Each data point $x = \begin{bmatrix}x_1 \\ x_2 \end{bmatrix}$ is projected onto $\omega$ (projected length on $\omega$ direction)

For a given $\omega$ , distribution of the projected points $\{ \hat y^{(1)}, \cdots, \hat y^{(m)} \}$ is specified.

Question: Which $\omega$ is better for classification?

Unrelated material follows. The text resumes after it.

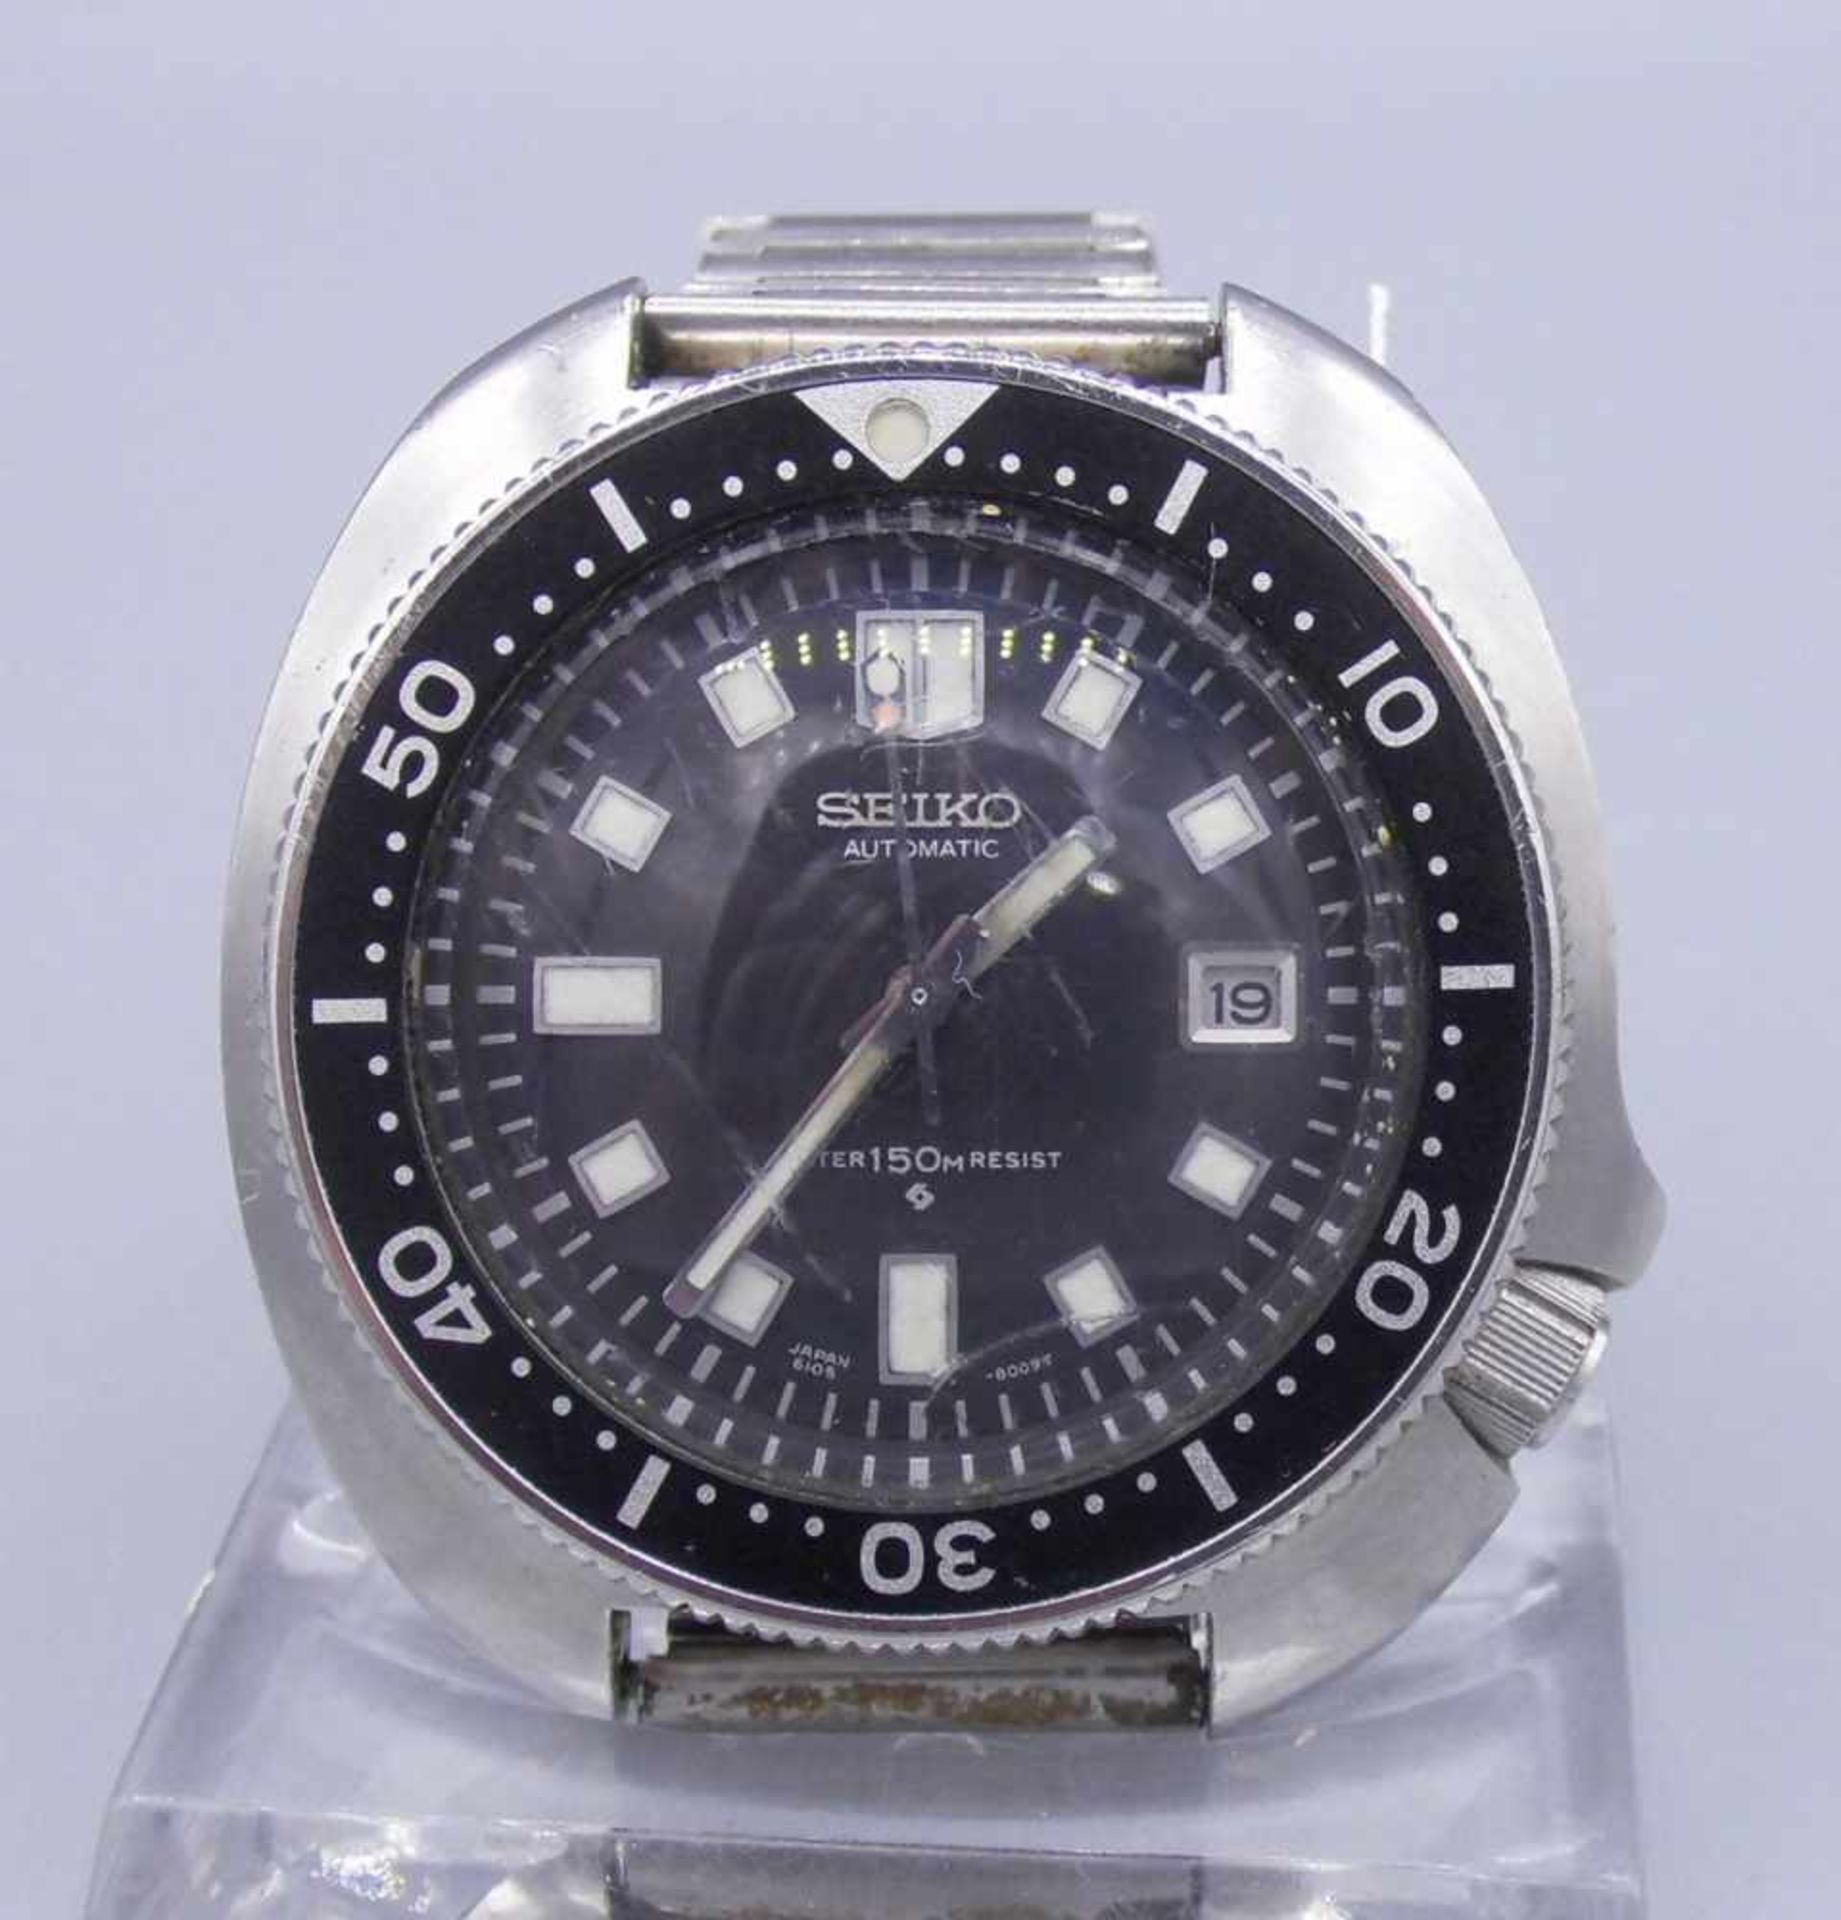 VINTAGE ARMBANDUHR / TAUCHERUHR: SEIKO / divers wristwatch, Automatik-Uhr, 1974, Japan, Stahlgehäuse

3.1.3. Fisher Discriminant Analysis¶

Find \omega so that when projected onto \omega,
- the classes are maximally separated (maximize distance between classes)
- Each class is tight (minimize variance of each class)

$\max_\omega \frac{(\text{seperation of projected means})^2}{\text{sum of within class variances}}$

$\implies \max_\omega \frac {\big(\mu_0^T\omega - \mu_1^T\omega \big)^2}{n_0\omega^TS_0\omega + n_1\omega^TS_1\omega}$

$\omega = \text{arg}\max_\omega \bigg\{ \frac{\big((\mu_0^T - \mu_1^T)\omega\big)^2}{n_0\omega^TS_0\omega + n_1\omega^TS_1\omega} \bigg \}$

$J(\omega) = \frac {\big((\mu_0^T - \mu_1^T)\omega\big)^2}{\omega^T(n_0S_0 + n_1S_1)\omega} = \frac {(m^T\omega)^2}{\omega^T\Sigma \omega}$

$\begin{align*} m &\equiv \mu_0 - \mu_1 &\\ \Sigma &\equiv n_0S_0 + n_1S_1 = R^TR \qquad &\text{We can always write } \Sigma \text{ like this, where } R \text{ is a square root matrix} \\ u &\equiv R\omega \rightarrow \omega = R^{-1}u \qquad &\text{Using } R, \text{change the coordinate systems from } \omega \text{ to } u \end{align*}$

$J(u) = \frac {\big( m^TR^{-1}u\big)^2}{\omega^TR^TR\omega} = \frac {\bigg( \big(R^{-T}m \big)^Tu\bigg)^2}{u^Tu}= \bigg( \left(R^{-T}m \right)^T \frac{u}{\parallel u \parallel} \bigg)^2$

$J(u) = \bigg( \left(R^{(-T)}m \right)^T \frac{u}{\lVert u \rVert} \bigg)^2 \; \text{is maximum when} \; u = a\,R^{-T}m$

Why?
- Dot product of a unit vector and another vector is maximum when the two have the same direction.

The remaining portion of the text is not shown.